CalPERS mulls updates to real assets strategy

After combining infrastructure, real estate and forestland into a singular real assets unit in 2011, CalPERS looks to further consolidate its strategy.

In its latest proposed five-year plan, the California Public Employees' Retirement System  (CalPERS) is looking to further unify its infrastructure, real estate and forestland programs as part of its broader real assets strategy, PERE's sister publication, Infrastructure Investor, reported Wednesday.

The country's biggest pension plan is also looking for a new real estate consultant, with plans to award a five-year contract to the winner of its ongoing search process.

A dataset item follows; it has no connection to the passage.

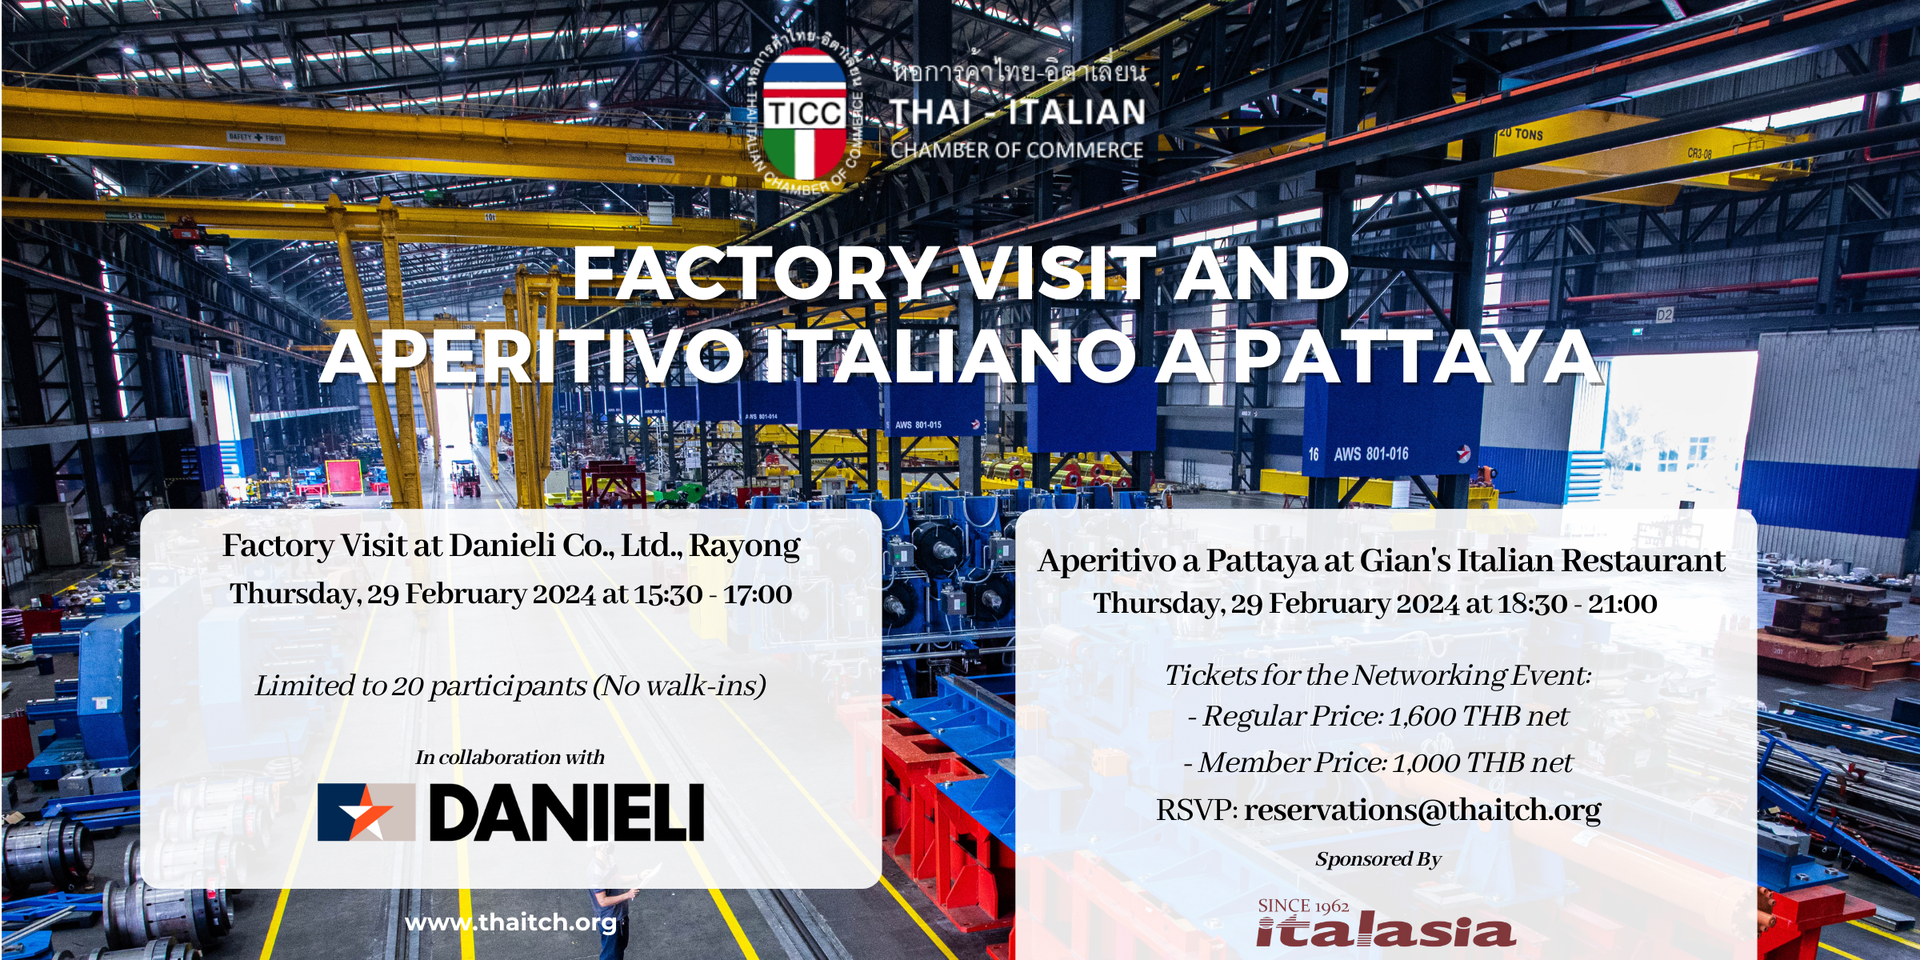 thumbnails TICC Industrial Committee Meeting, Factory Visit and Aperitivo

CalPERS' board will hear presentations from the two finalists, Courtland Partners and its current manager, the Pension Consulting Alliance (PCA), at its May board meeting, according to materials for its Monday meeting.

CalPERS, which currently holds approximately $290 billion in assets under management as of April 11, first adopted a real assets approach in 2011 as part of its current five-year plan, which includes infrastructure, real estate and forestland. Real estate made up $25.7 billion of the portfolio as of September 30, according to the pension's meeting materials.

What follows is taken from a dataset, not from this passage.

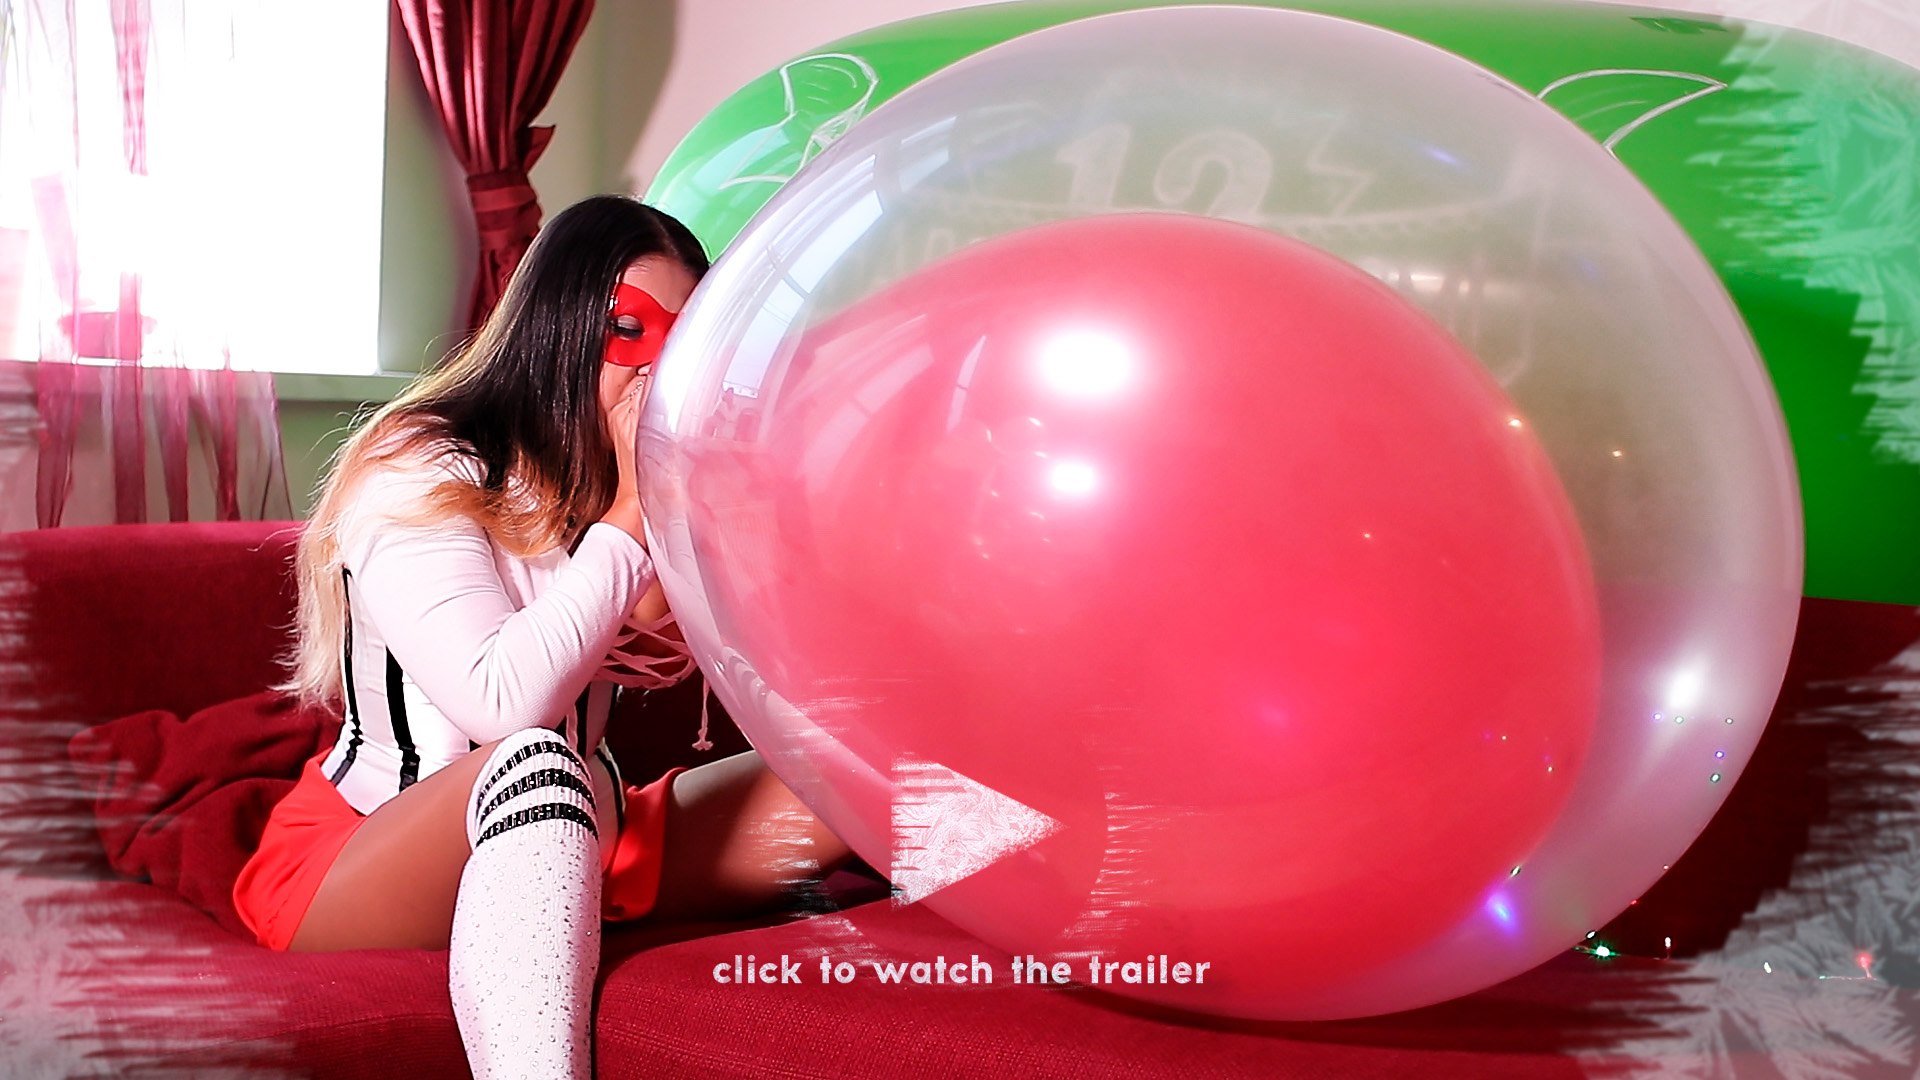 Hot Indian Girl Sit To Pop Balloon In Sofa

Organizationally, the updated plan creates a new integrated structure comprising five divisions, which are strategic planning, new investments, PARRGO (portfolio, analytics, research, risk, governance and operations), a portfolio management group and investment research. Risk classification would be unified, with investments falling into the three buckets of core, value-add and opportunistic categories.

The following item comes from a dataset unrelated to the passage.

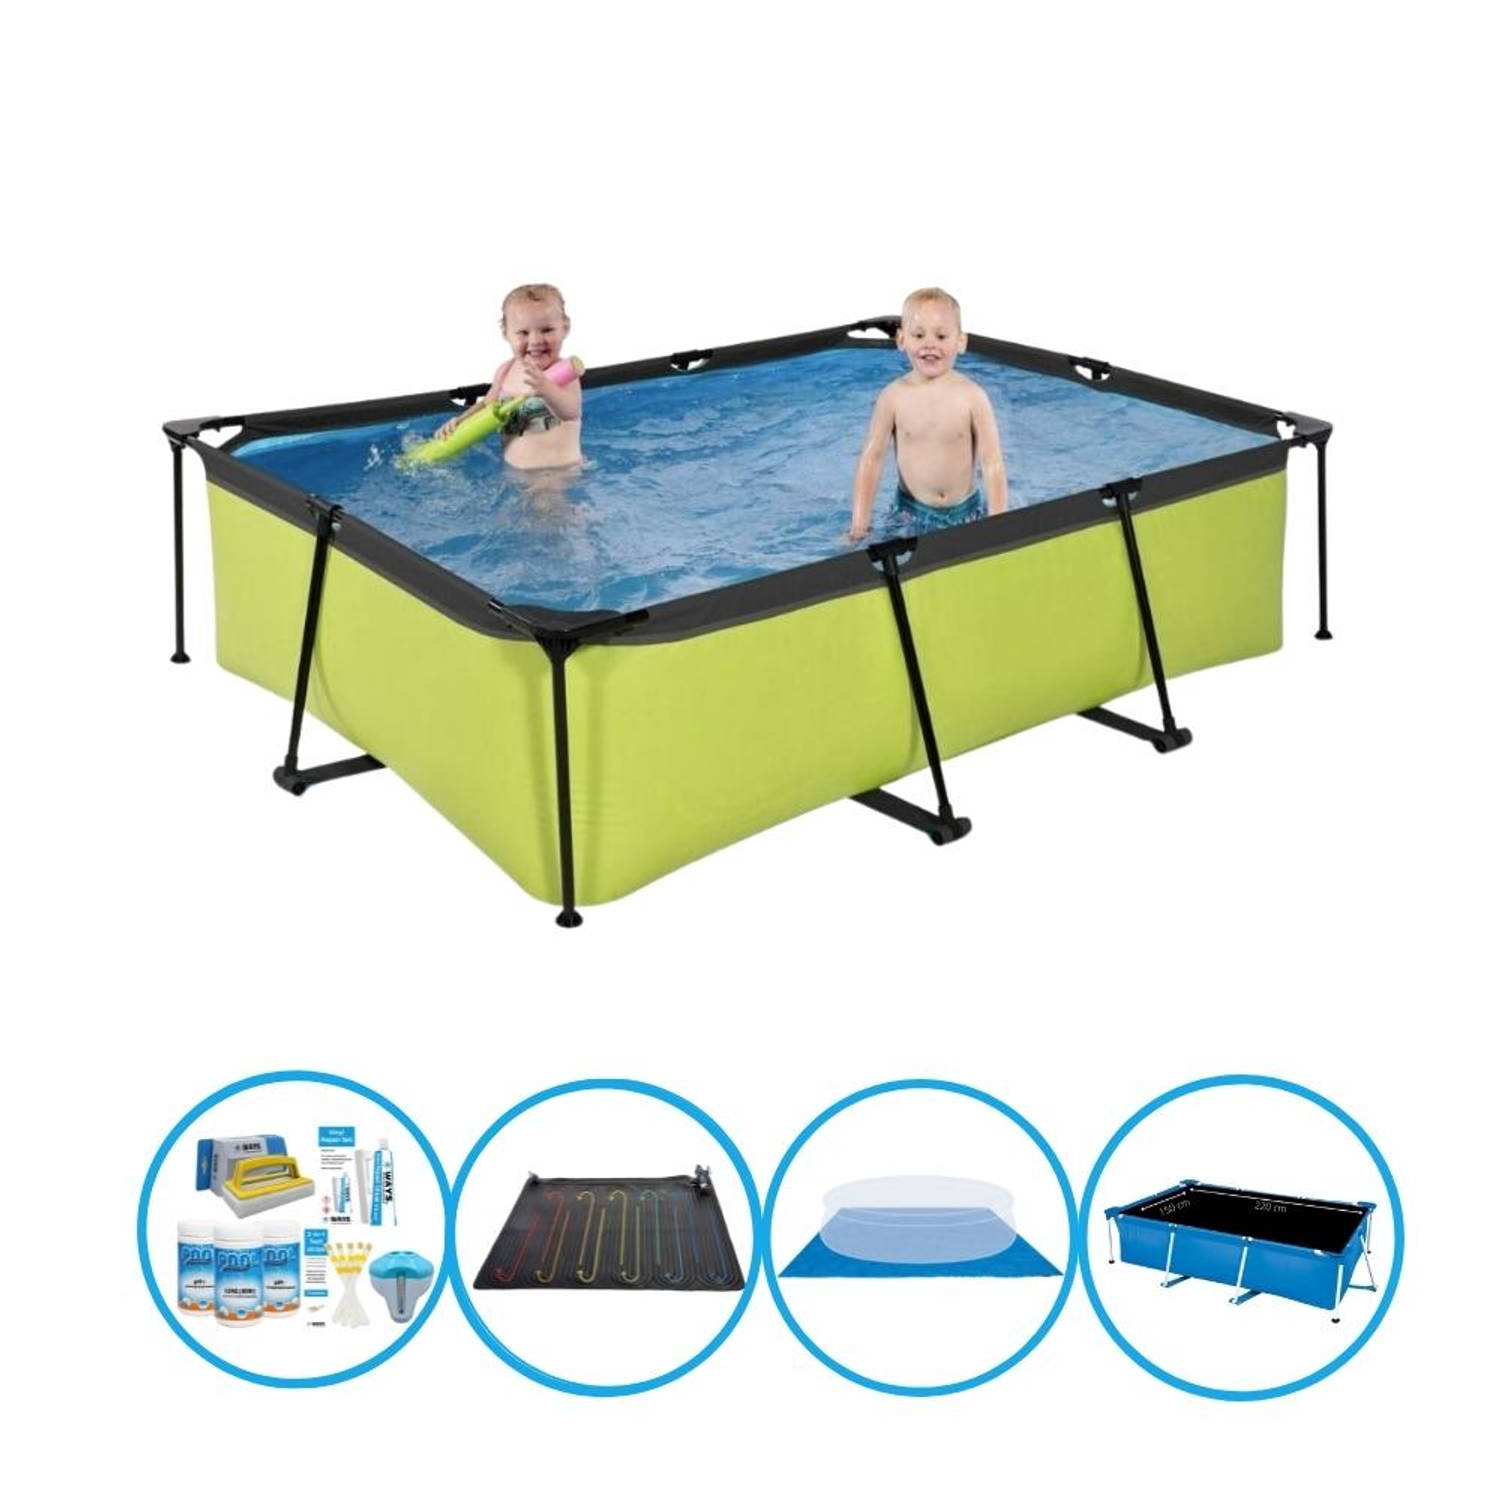 EXIT Zwembad Lime - Frame Pool 220x150x60 cm - Combi Deal

Within real estate, CalPERS' exposure to US assets would slightly increase from a floor of 63.75 percent of its portfolio to 75 percent in an effort to reduce risk, according to materials for Monday's meeting. CalPERS also plans to limit build-to-core investments to 10 percent of the portfolio, a ceiling it does not currently use. In further modifications, the pension plan plans to establish a 15-manager limit for real estate managers, part of the pension system's overall strategy to reduce risk, cost and complexity. 

“Importantly, the proposed changes in the update do not introduce meaningful new investment themes or risks and keep the focus of staff's resources on the areas of greatest impact,” PCA wrote in a letter for Monday's meeting. “These changes will further support the real estate portfolio in its efforts to meet the role of real estate in current and anticipated market conditions.”

The CalPERS investment committee is set to review the staff-recommended changes to its real assets strategy at its next meeting on Monday. According to the meeting agenda, managing investment director Paul Mouchakkaa will be joined by Wilshire Associates Consulting president Andrew Junkin; Pension Consulting Alliance managing directors Christy Fields and David Glickman; and StepStone co-head of infrastructure and real assets David Altshuler.